| Basic Financial Metrics for Six Sigma |
By Issa Bass
Because a Six Sigma project would be useless or even detrimental if it does not positively impact
the bottom line of a business, it is necessary for a Six Sigma Black Belt to be able to accurately measure the financial results of her projects. For that reason, any Six Sigma practitioner should have a certain level of understanding of financial analysis.
The purpose of this article is to briefly introduce some basic financial metrics that a Black Belt should be acquainted with to properly execute her project.
Break-Even Analysis
In microeconomic theory, the cost of production of goods and services is generally subdivided into two
sub-costs, the fixed cost and the variable cost.

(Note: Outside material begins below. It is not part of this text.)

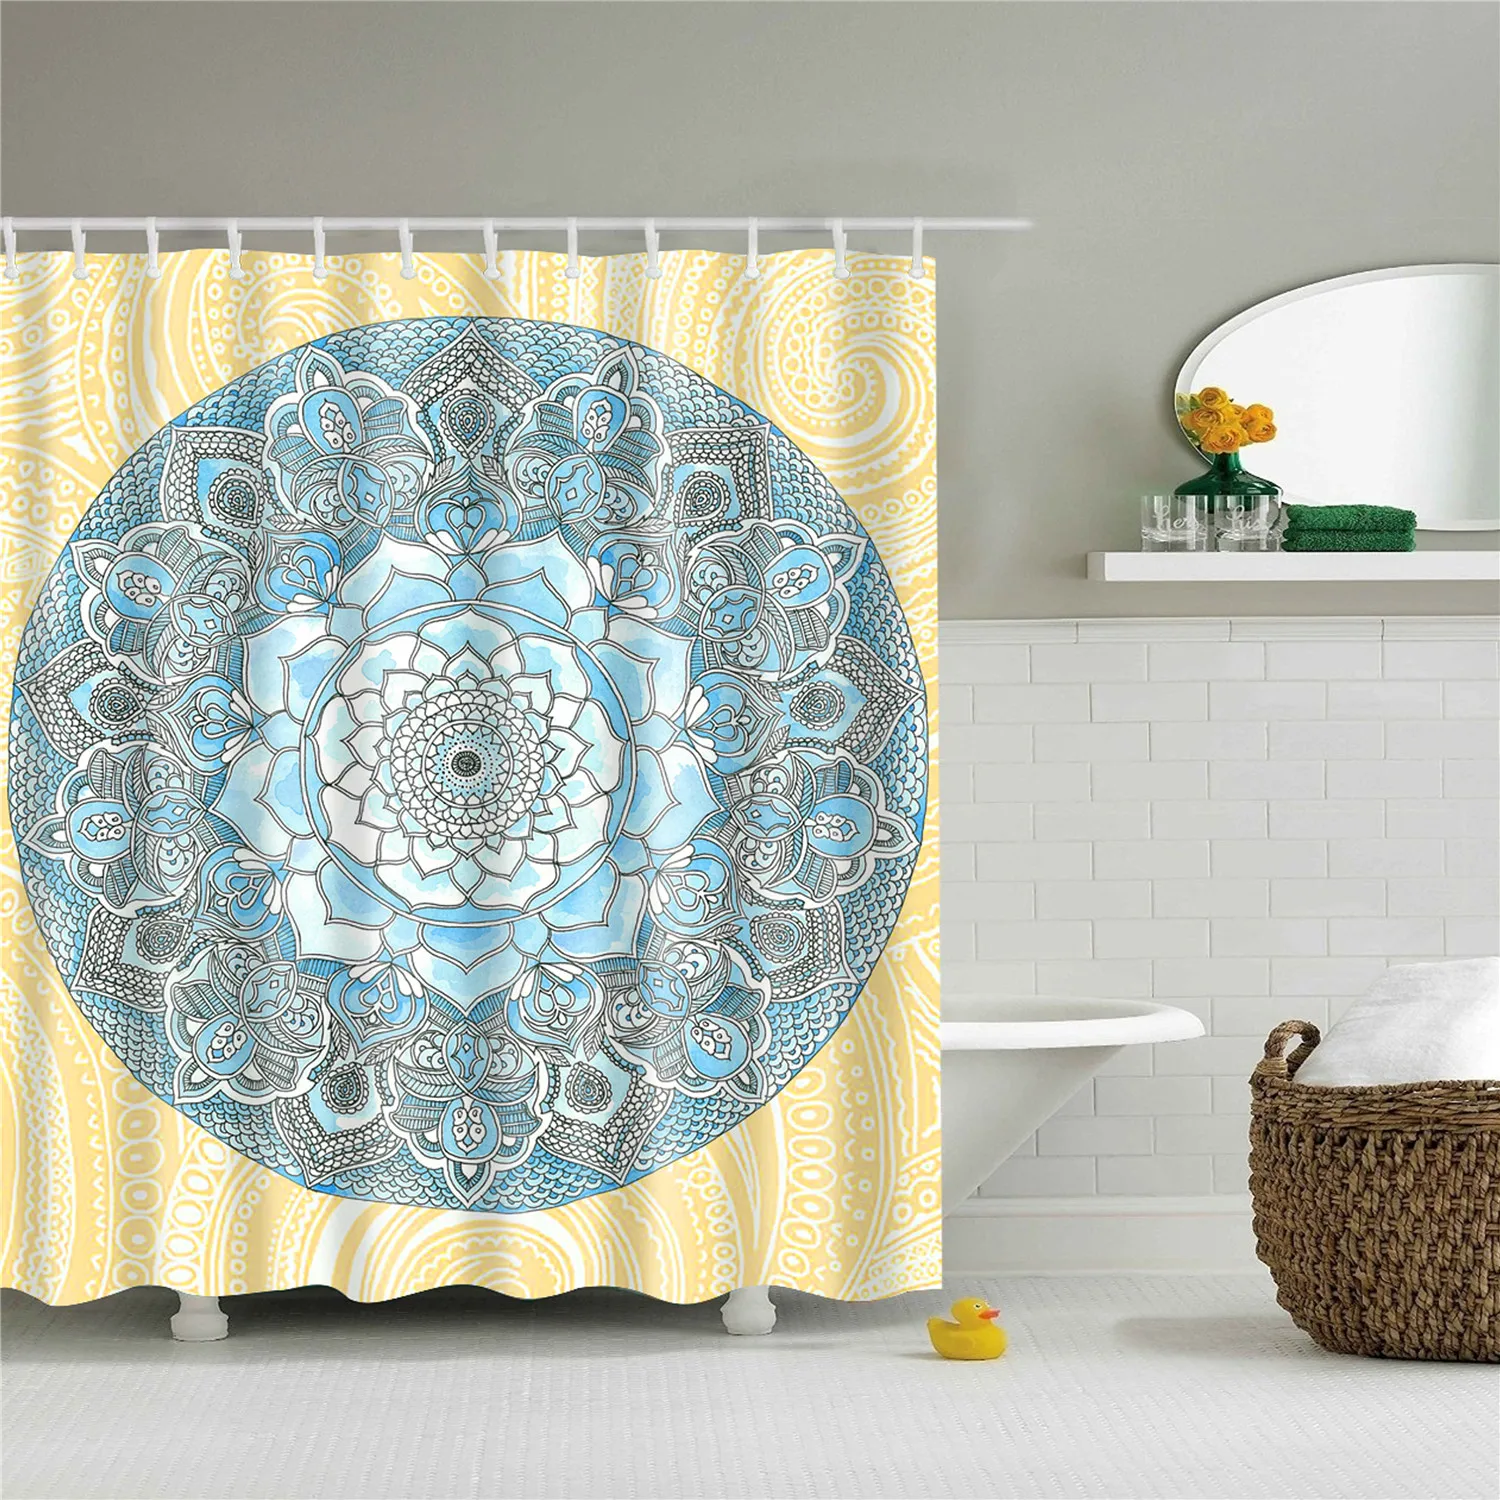 180x200 см индийский Bodhisattva 3D занавеска для ванной Водонепроницаемый полиэстер ткань затемненная Мандала занавеска для душа для ванной комнаты cortina - Цвет: TZ161202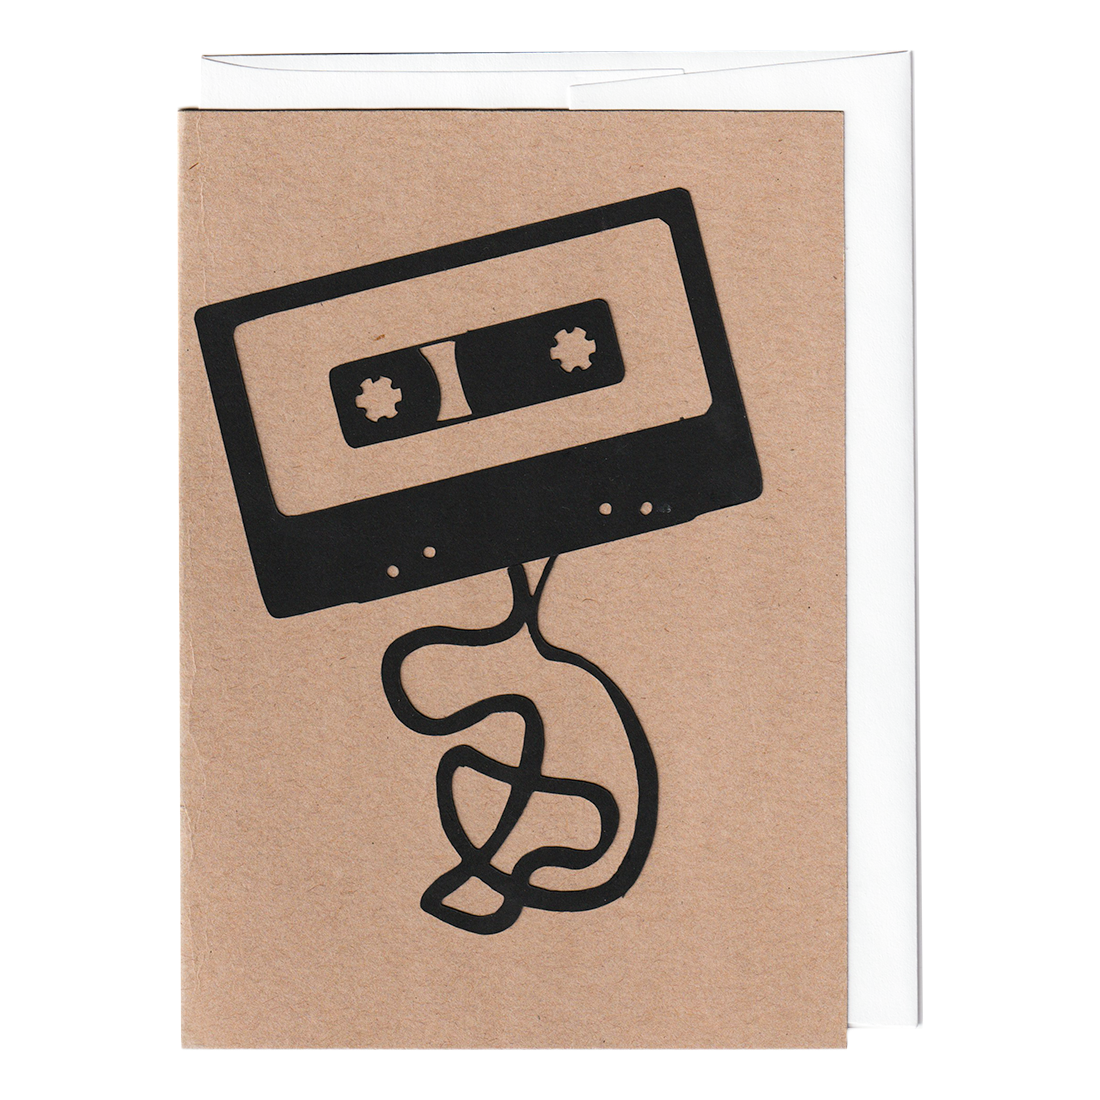 Cassette handmade cut paper card

While the variable cost is proportional to the quantity of the output, the fixed cost would be incurred regardless on whether production is made . In other words, even if the business does not produce anything, it will be liable for the fixed costs.
The fixed cost in general would be the cost of the buildings, the machines, the electricity and so on, while the variable cost would be composed of the labor cost and the cost of the raw materials.
A Break-Even happens when the total revenue obtained from the sales of the goods or services equals the total cost of production.
TR = TC
With TC = F + VN
And TR = PN
Where N is the quantity of output sold at P, F is the fixed costs, V
is the variable cost per unit, P is the price of N and TR is the total revenue
So
F + VN = PN
Therefore
N = F/(P – V)
For profit to be made, the revenue must be greater than the total cost, therefore N must be greater than the ratio of F/(P - V).
The following graph summarizes the discussion on Break even Analysis.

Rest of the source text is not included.